Starting with the line that has "Free And Customizable" in the records below and ending with the line that has "Floss Drop - RED, WHITE, & BLUE", output those lines exactly and nothing more; omit the pictures.

Records to use
--- START ---

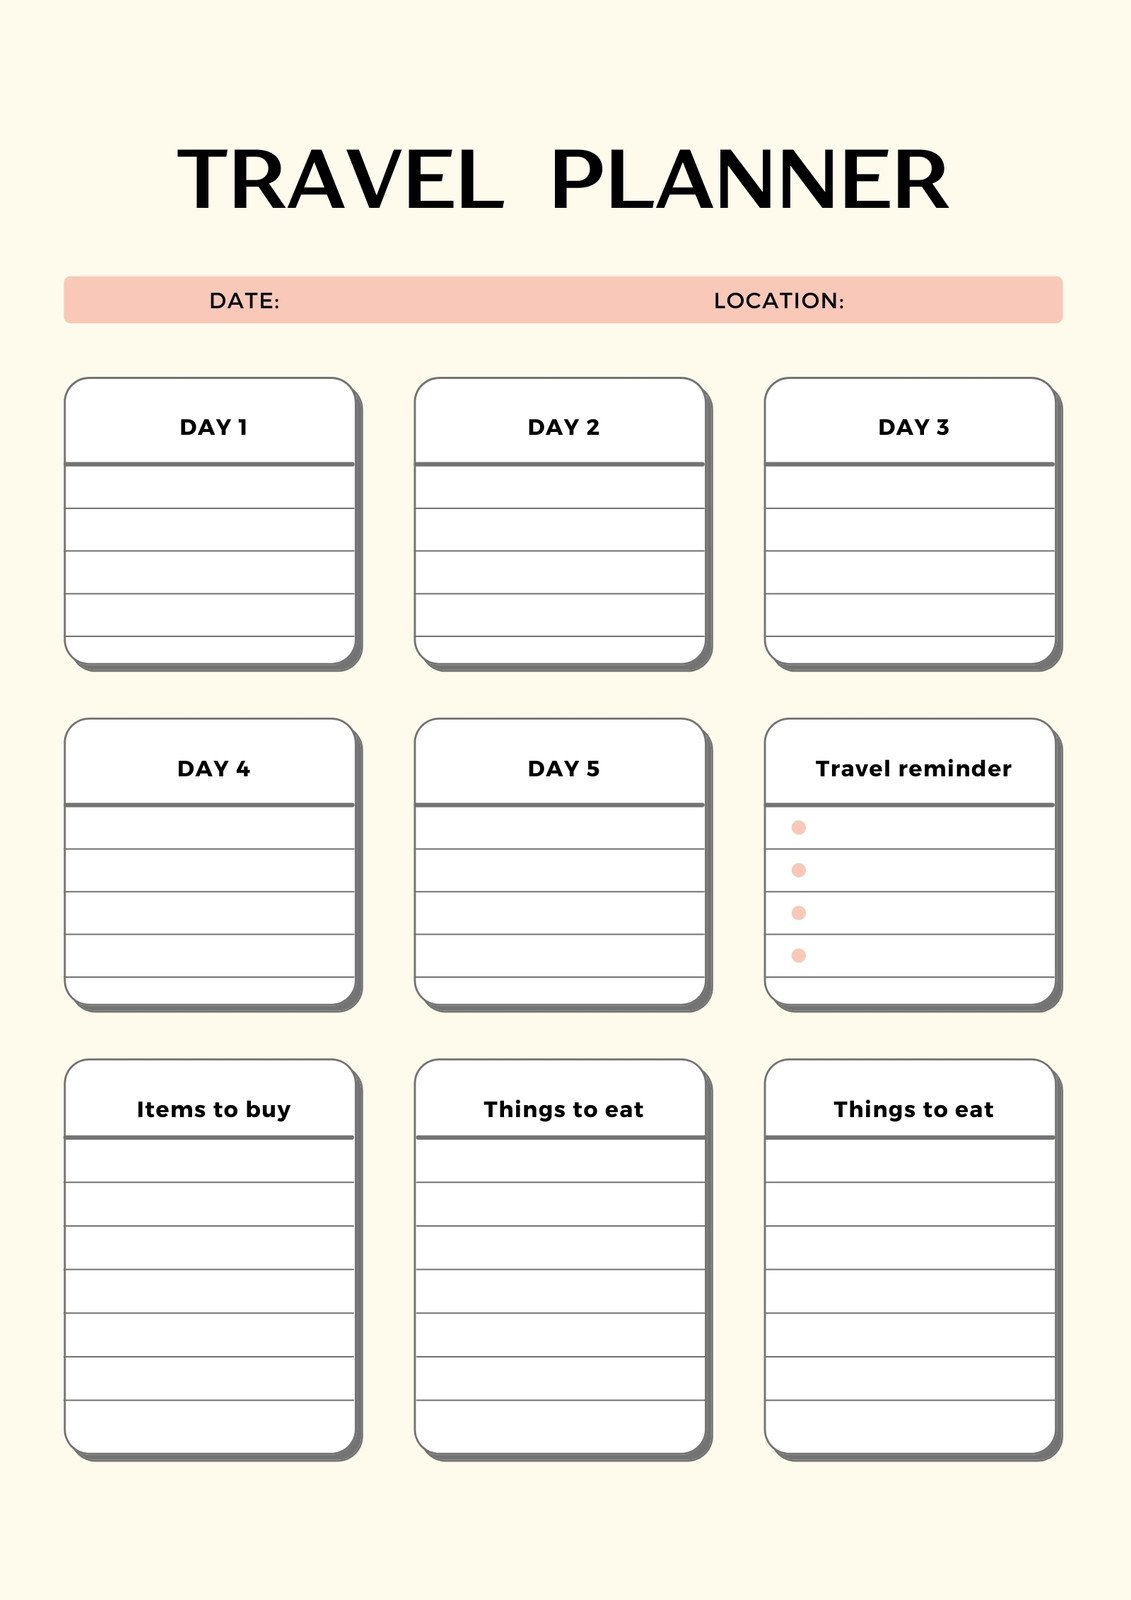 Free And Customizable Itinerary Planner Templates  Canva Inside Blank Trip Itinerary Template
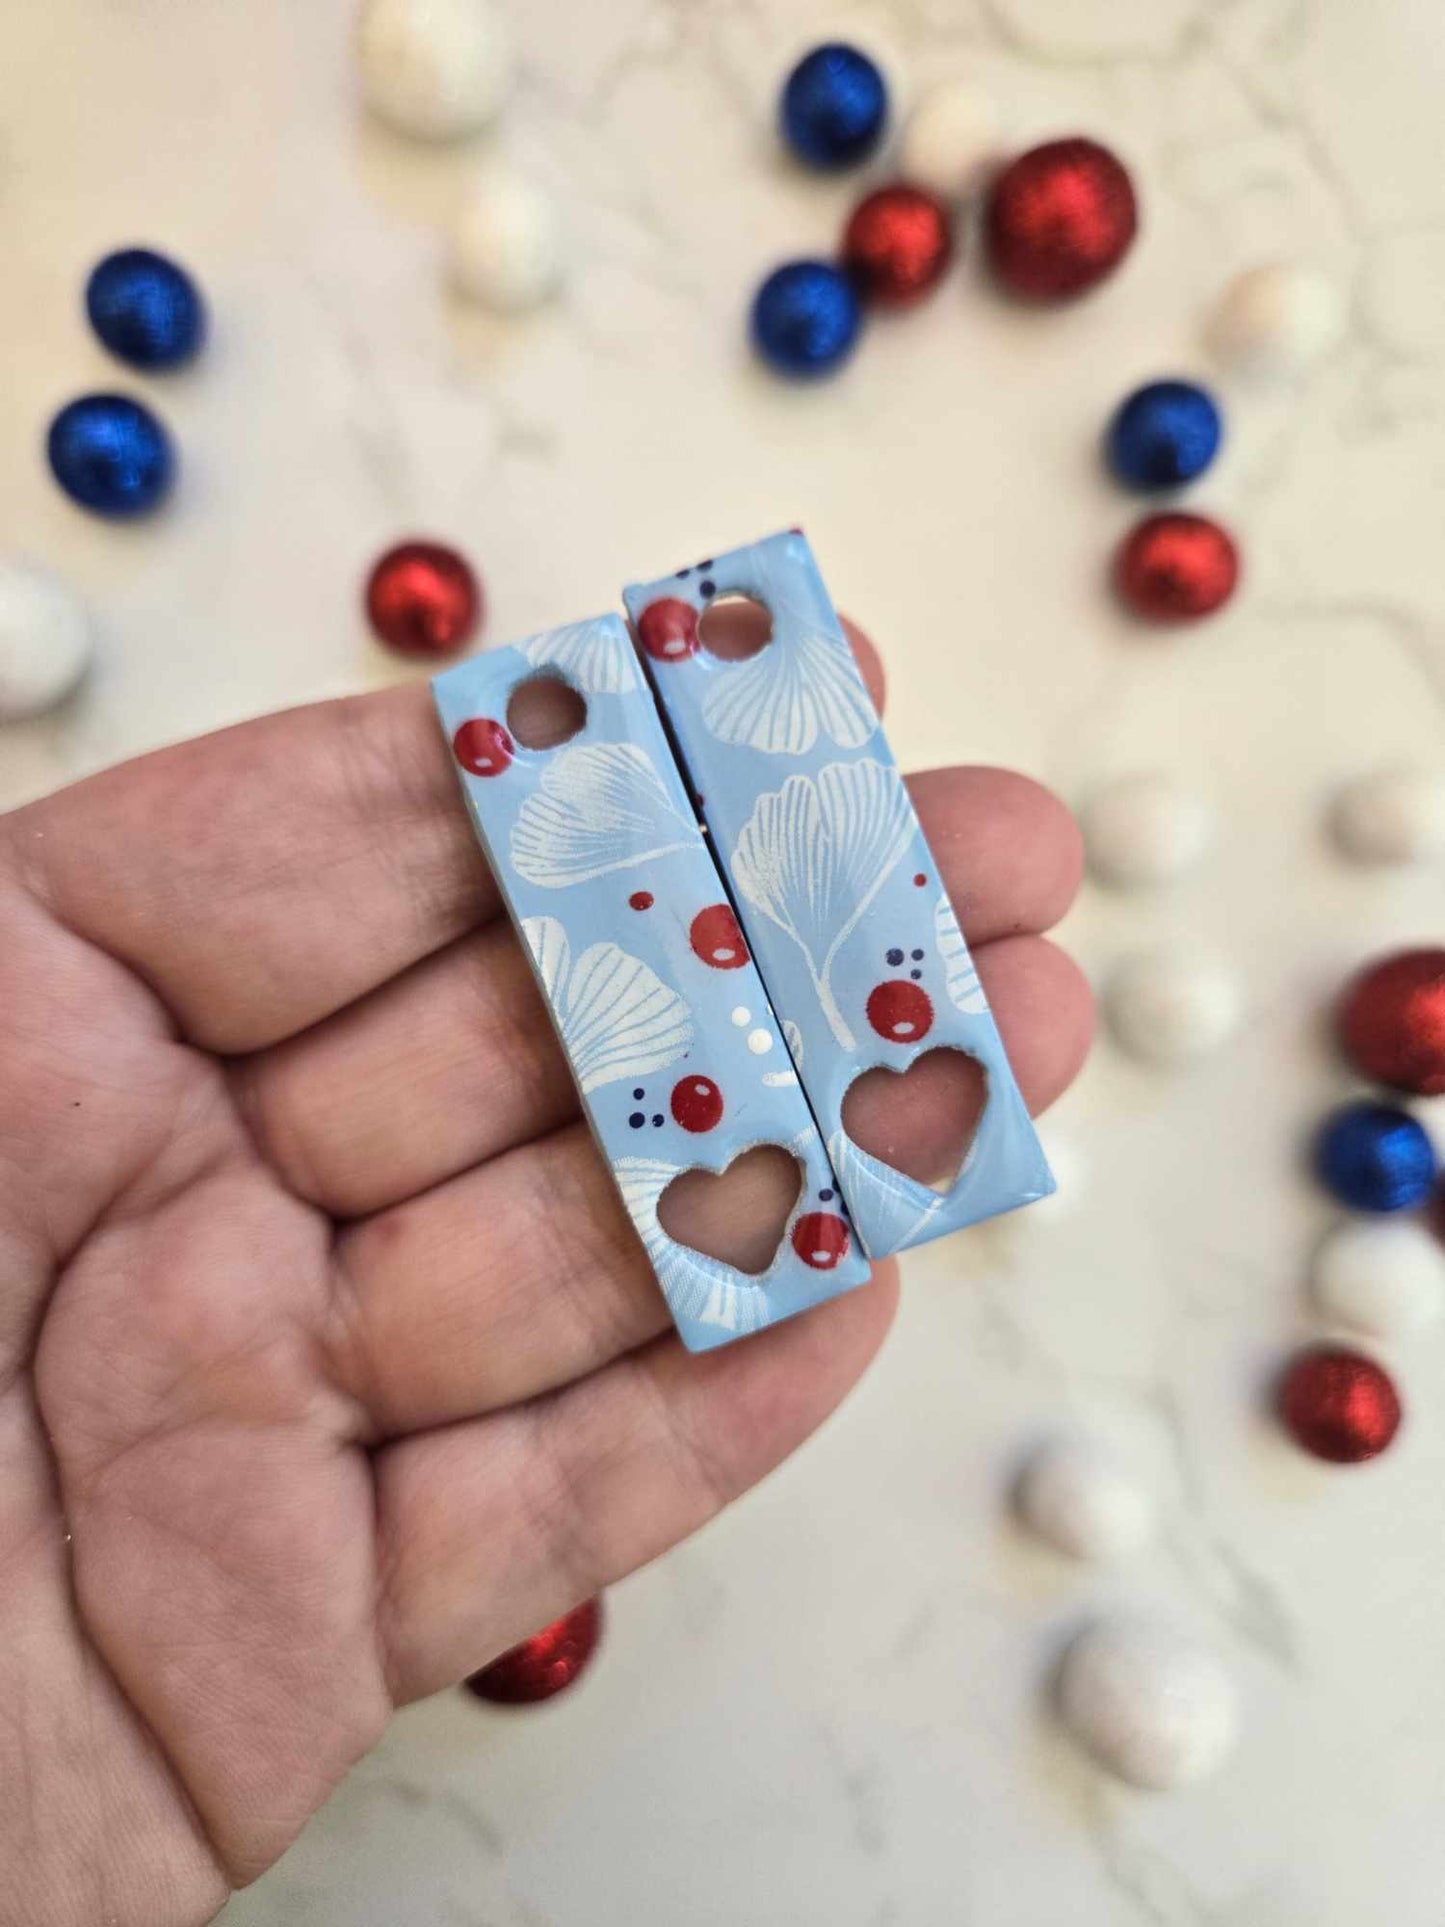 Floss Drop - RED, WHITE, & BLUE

--- END ---
--- START ---

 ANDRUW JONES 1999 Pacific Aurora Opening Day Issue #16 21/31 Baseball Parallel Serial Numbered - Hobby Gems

--- END ---

Exercise solution
 Free And Customizable Itinerary Planner Templates  Canva Inside Blank Trip Itinerary Template
 Floss Drop - RED, WHITE, & BLUE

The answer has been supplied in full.